Returning to the flowchart of FIG. 2, after step S3, the receiving apparatus 1 performs control so as to stop the operations of the radio unit and path selection unit of the antenna branch having the smallest branch SIR (step S4), and the remaining two antennas. Continue operation by branch. In this state, the evaluation unit 17 evaluates again whether or not the BER of the decoded data string is equal to or less than a predetermined standard, and sends the result to the control unit 18. If the BER is below the reference (“YES” in step S5), the control unit 18 stops the operations of the radio unit and path selection unit of the antenna branch with the smaller branch SIR out of the remaining two antenna branches. Control (step S6). A broken line with an arrow from the control unit 18 of FIG. 1 to the radio unit and path selection unit of each antenna branch represents this control line.

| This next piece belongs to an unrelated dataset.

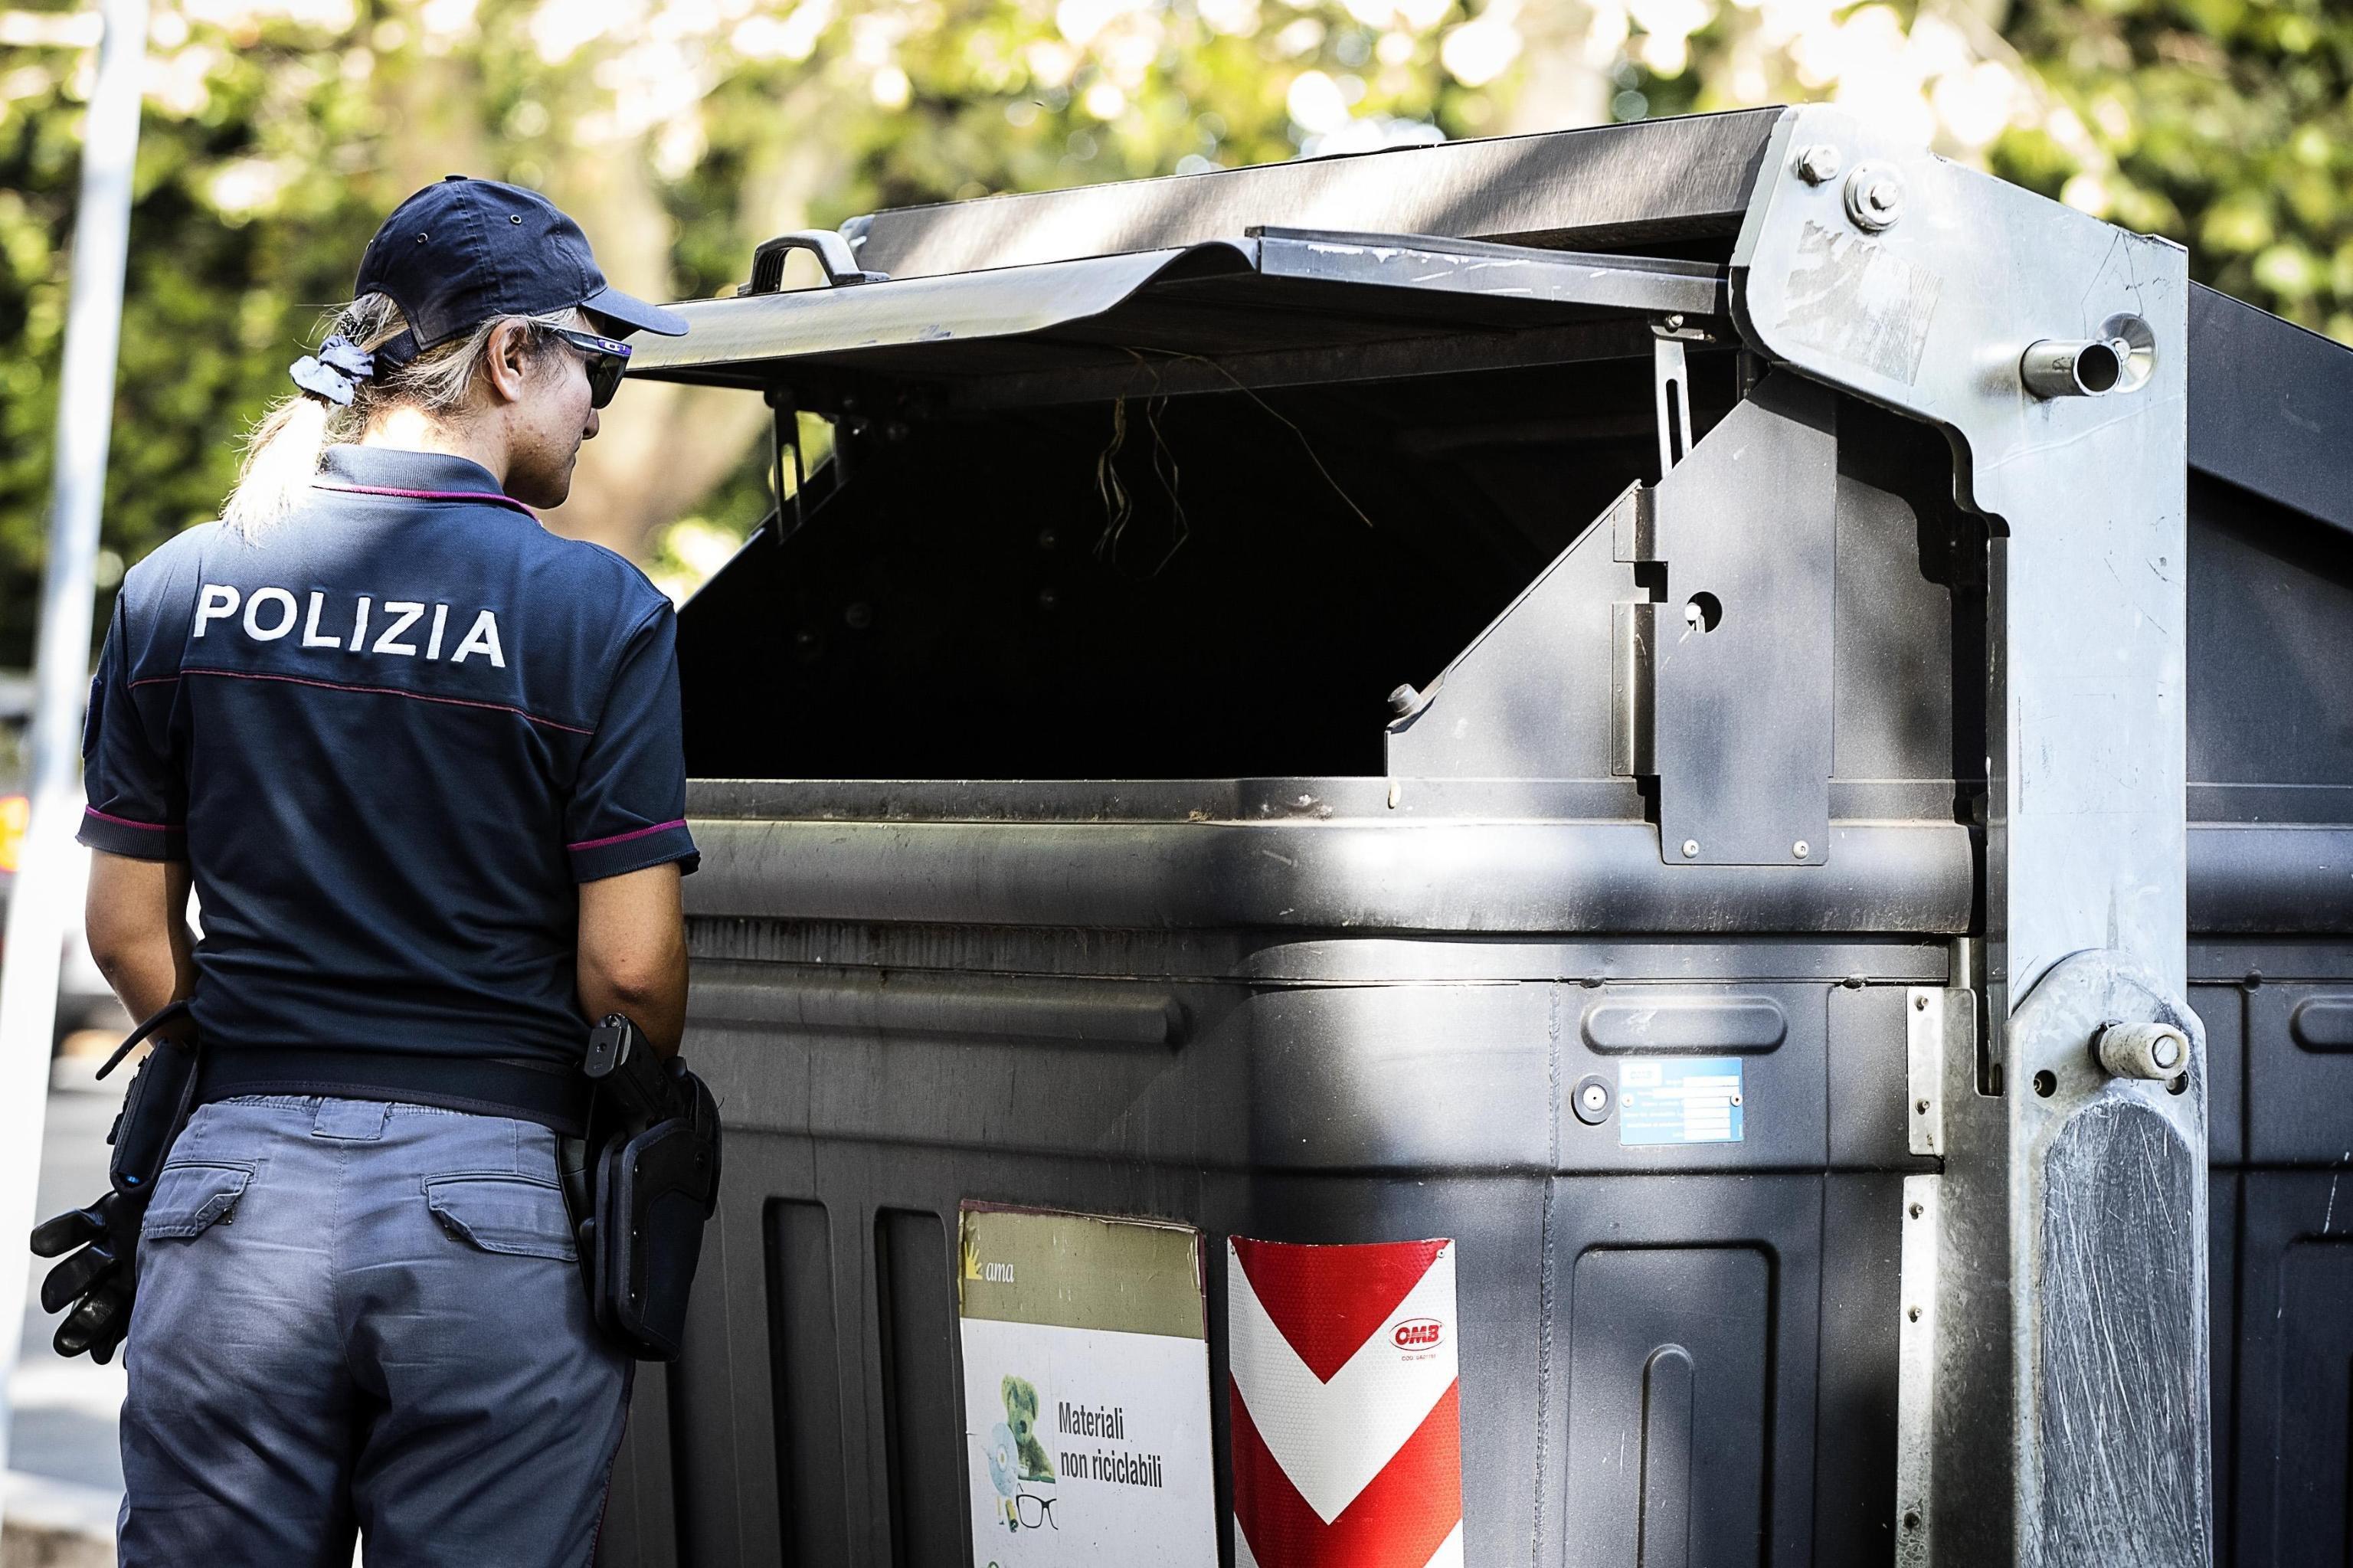 Diversos membres de la policia italiana acordonen un contenidor d'escombraries al barri residencial de Parioli a Roma, en el qual s'han trobat dues cames de dona amputades (Itàlia). /ANGELO CARCONI
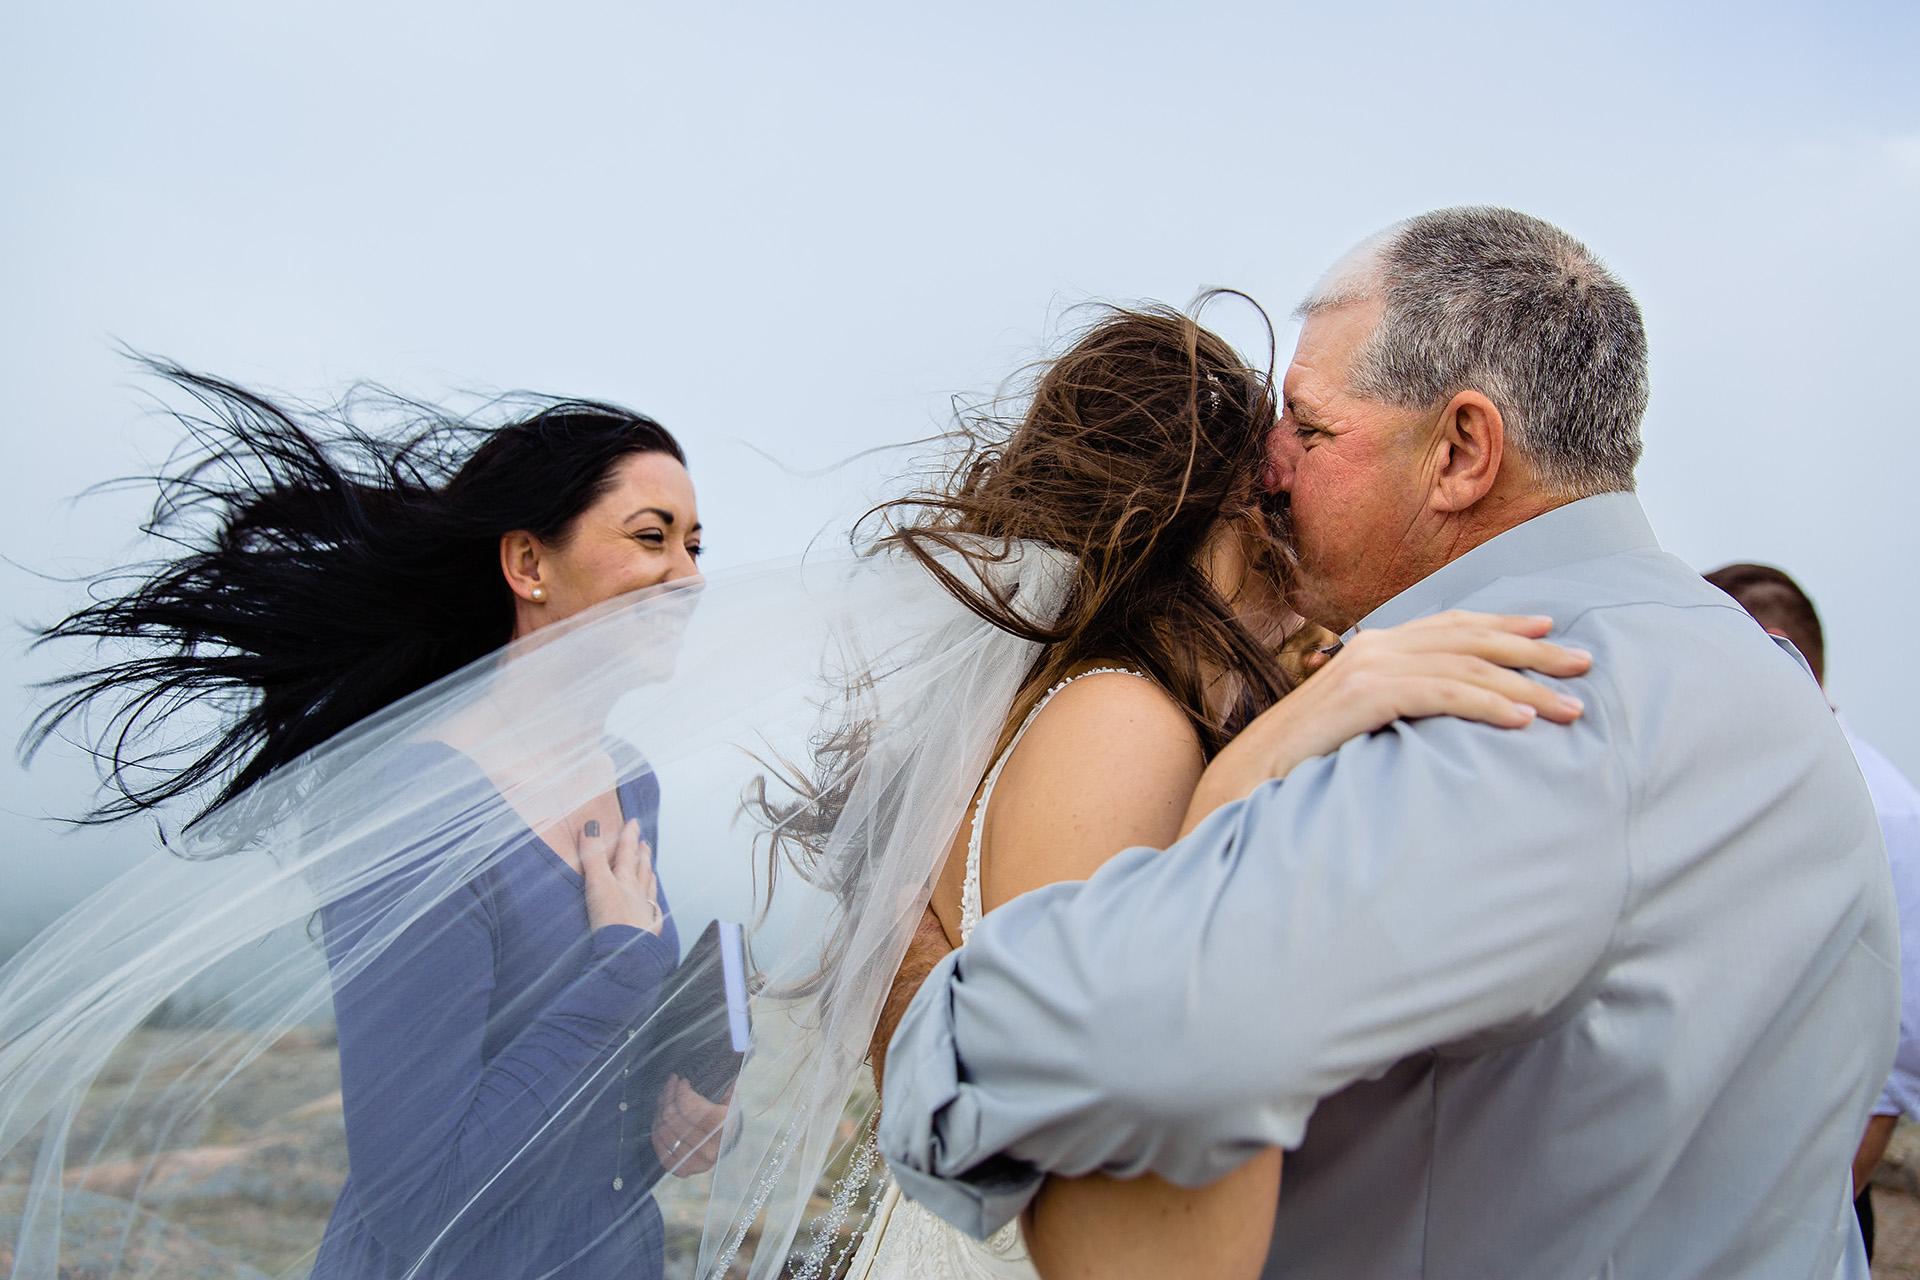 Kate Crabtree, du Maine, est une photographe de mariage pour

Thereafter, the receiving apparatus 1 operates with one antenna branch. In this state, the evaluation unit 17 continues to evaluate the BER of the decoded data string. If the BER is equal to or lower than the reference (“YES” in step S7), the operation state of the receiving device 1 by the antenna branch 1 is continued.

On the other hand, when the BER exceeds the reference in Step S2 (“NO” in Step S2), the control unit 18 continues the operation using the three antenna branches, and the evaluation unit 17 repeats the evaluation of the BER. Further, when the BER exceeds the reference in step S5 or step S7 (“NO” in step S5 or S7), the control unit 18 operates the radio unit and path selection unit of the antenna branch whose operation has been previously stopped. It returns to the state and shifts to the operation by all antenna branches (step S8). By doing so, it is possible to reduce the power consumption by reducing the number of antenna branches in the operating state if there is a margin while keeping the BER below the reference.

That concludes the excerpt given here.